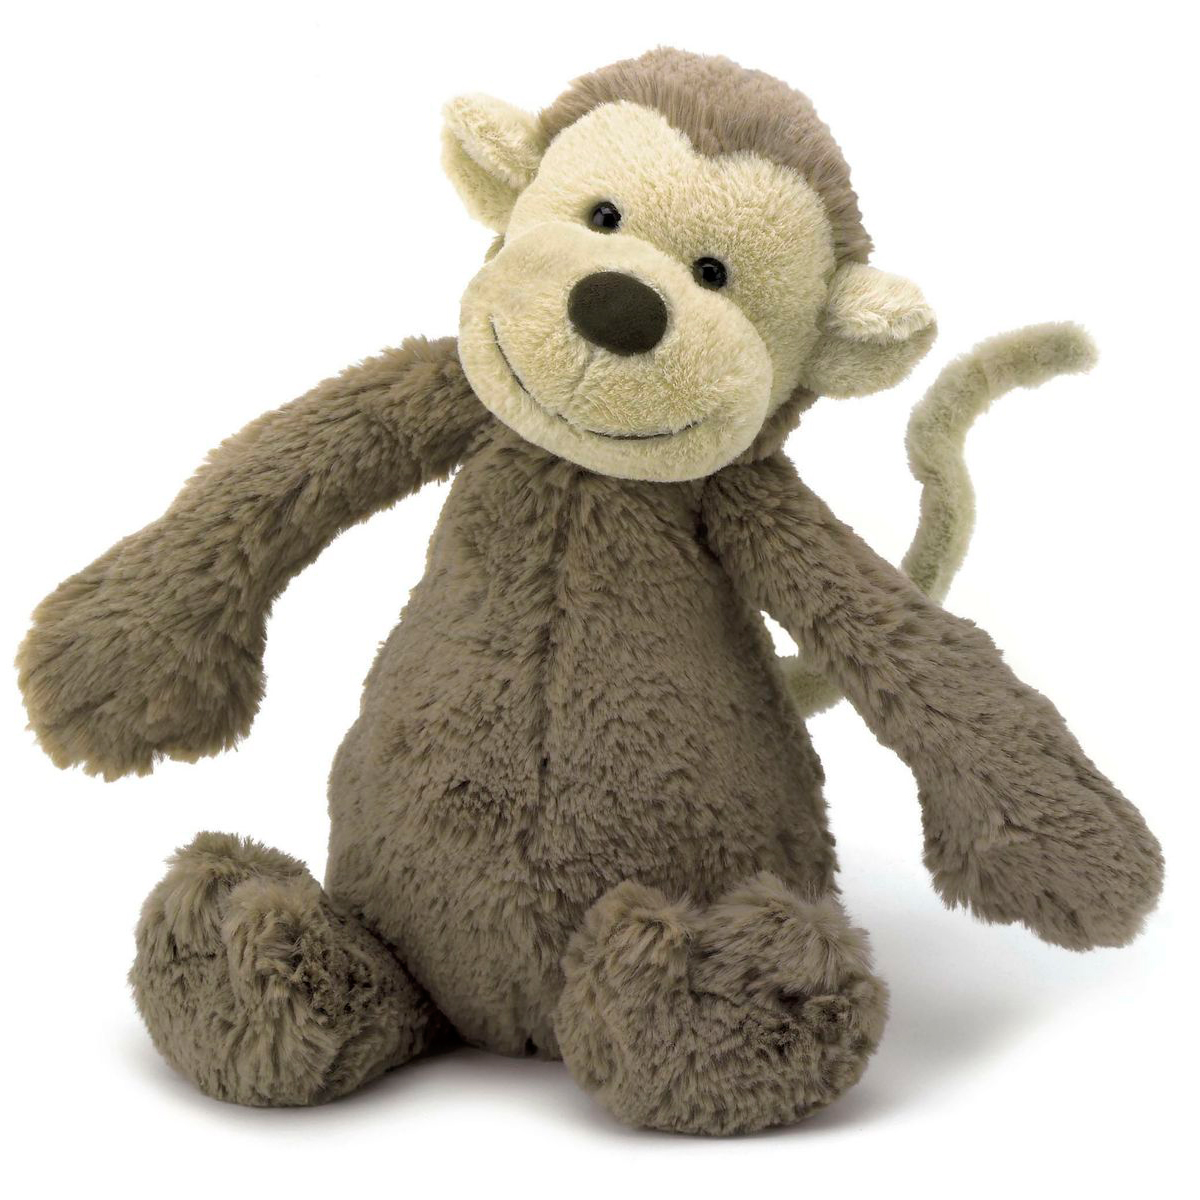 Peluche Bashful Monkey - Medium Bashful Monkey - Medium
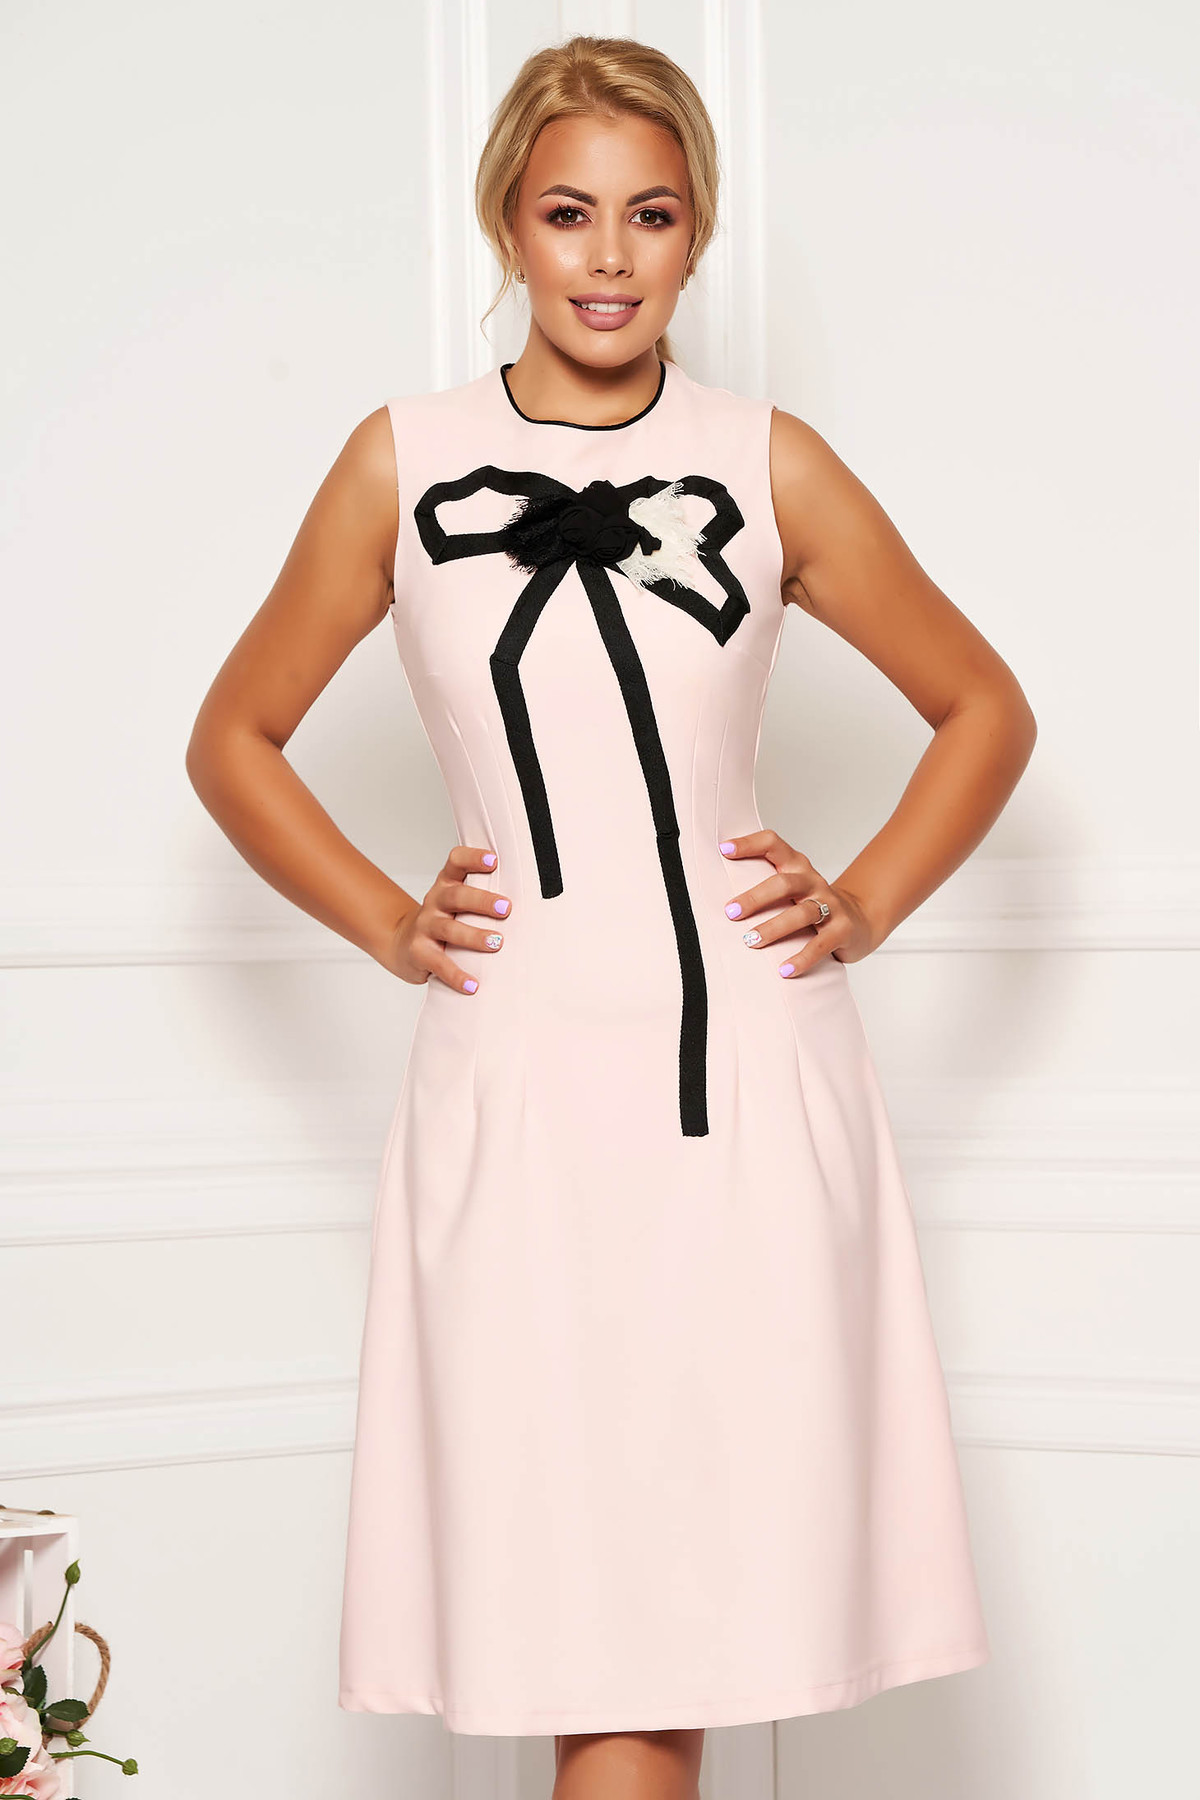 Rochie Artista roz deschis eleganta in clos din material usor elastic cu aplicatii cusute manual
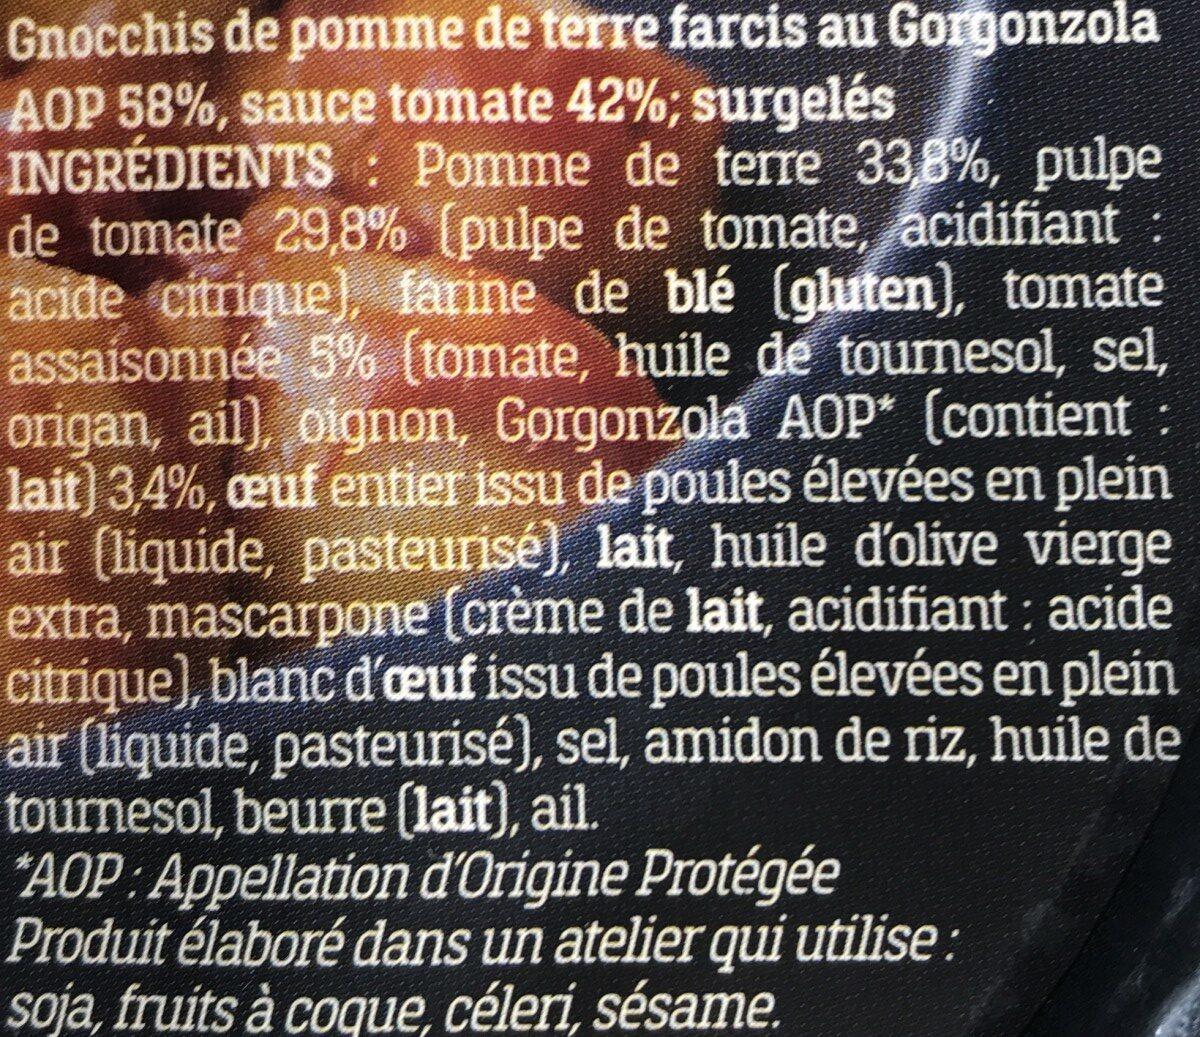 Gnocchi Farcis au Gorgonzola AOP et sauce Tomate - Ingredienti - fr

--------------------

Word-for-word output of the material above is needed, with the pictures left out.

 Peluche Bashful Monkey - Medium Bashful Monkey - Medium
 Rochie Artista roz deschis eleganta in clos din material usor elastic cu aplicatii cusute manual
 Gnocchi Farcis au Gorgonzola AOP et sauce Tomate - Ingredienti - fr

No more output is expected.